Riesling vs. Pinot Grigio: A Detailed Comparison

Cool, crisp and elegant, white wine has always made for a refreshing drink. Enjoyed as an aperitif for starting off the evening and perfect for toasts, this wonderful versatile wine comes in many varieties, two most popular of which are Riesling and Pinot Grigio.

Whether you are a budding wine connoisseur or just want to know your wine, you have come to the right place. In this article, we explore differences in taste, sweetness level, and food pairing between Riesling and Pinot Grigio. Read on to find out more.

Riesling vs. Pinot Grigio

Reisling and Pinot Grigio are both white wines and their similarities end there. Each type has its own distinct characteristics, flavour profile, aromas and is quite different from the other in taste and style. Knowing the differences between the two wines will help you choose the right one for your next meal or celebration.

For starters, Riesling originated in the Rhine region of Germany, whereas Pinot Grigio or Pinot Gris is said to have originated in the Burgundy region of France. A sip of each wine will reveal Riesling to be sweeter and more aromatic, with a higher acidity level and a range of fruity flavors. On the other hand, Pinot Grigio is drier and less acidic than Riesling, with a lighter body, refreshing taste, and citrusy or mineral flavours.

Apart from the grape type, the terroir (climatic conditions, soil type, etc) and production methods employed influence the flavour of wines.
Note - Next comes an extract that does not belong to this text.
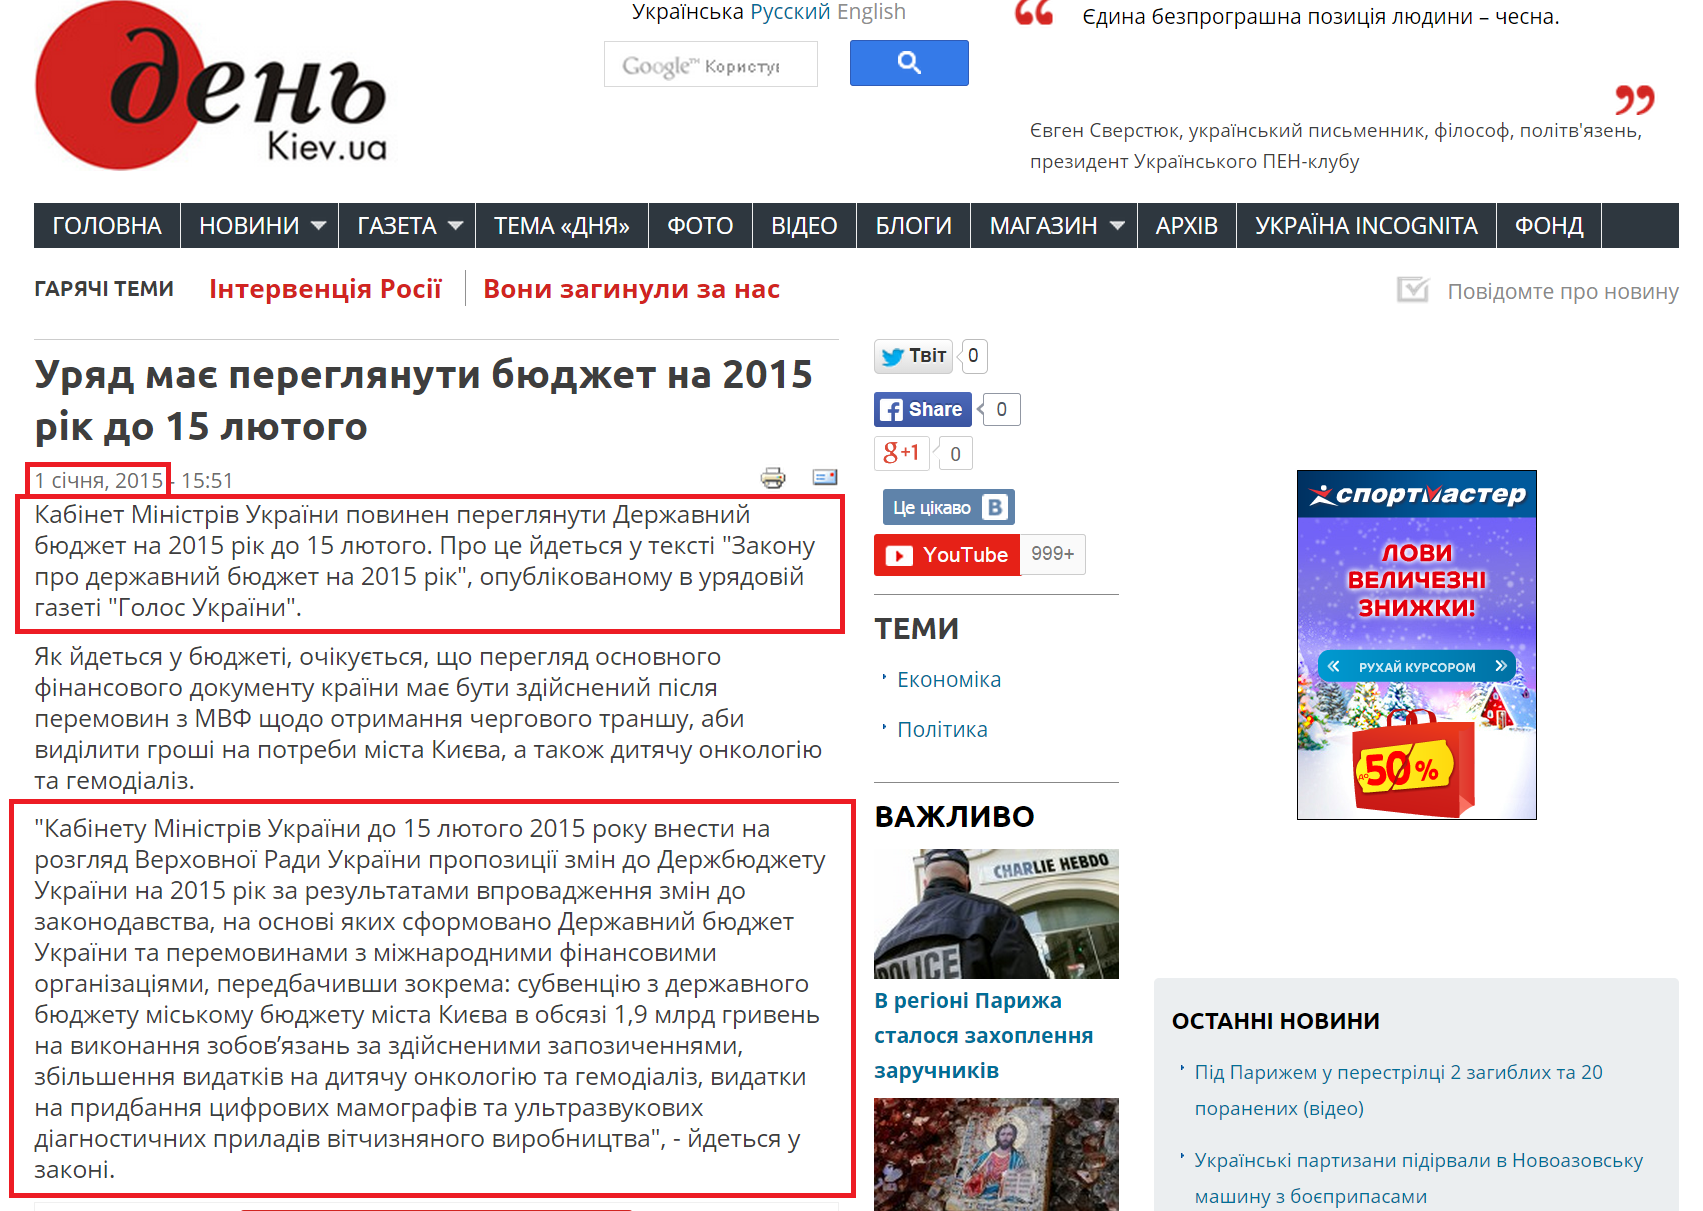 http://www.day.kiev.ua/uk/news/010115-uryad-maye-pereglyanuty-byudzhet-na-2015-rik-do-15-lyutogo

As both Riesling and Pinot Grigio are made from different grape varieties and grow in different terroirs, they have very different flavour profiles.


With its origins in Germany, Riesling is made from the white-skinned grape variety of the same name. The riesling grape is known for its high acidity and floral aromas. Riesling wine can be deliciously sweet to wonderfully crisp and dry (not sweet), and are described as having a fruity, honeyed flavor with notes of apricot, peach, and apple.

Pinot Grigio

Pinot Grigio

Pinot Grigio, also known as Pinot Gris or Grauburgunder, is a French white wine which is made from the grayish-blue Pinot gris grape variety. The flavour profile of Pinot Grigio can range from ripe tropical fruit notes of melon and mango to some botrytis-influenced flavors. It is a full-bodied wine with low levels of acidity. Pinot Grigio is perfect for warm weather, and has notes of citrus and green apple with a hint of minerality.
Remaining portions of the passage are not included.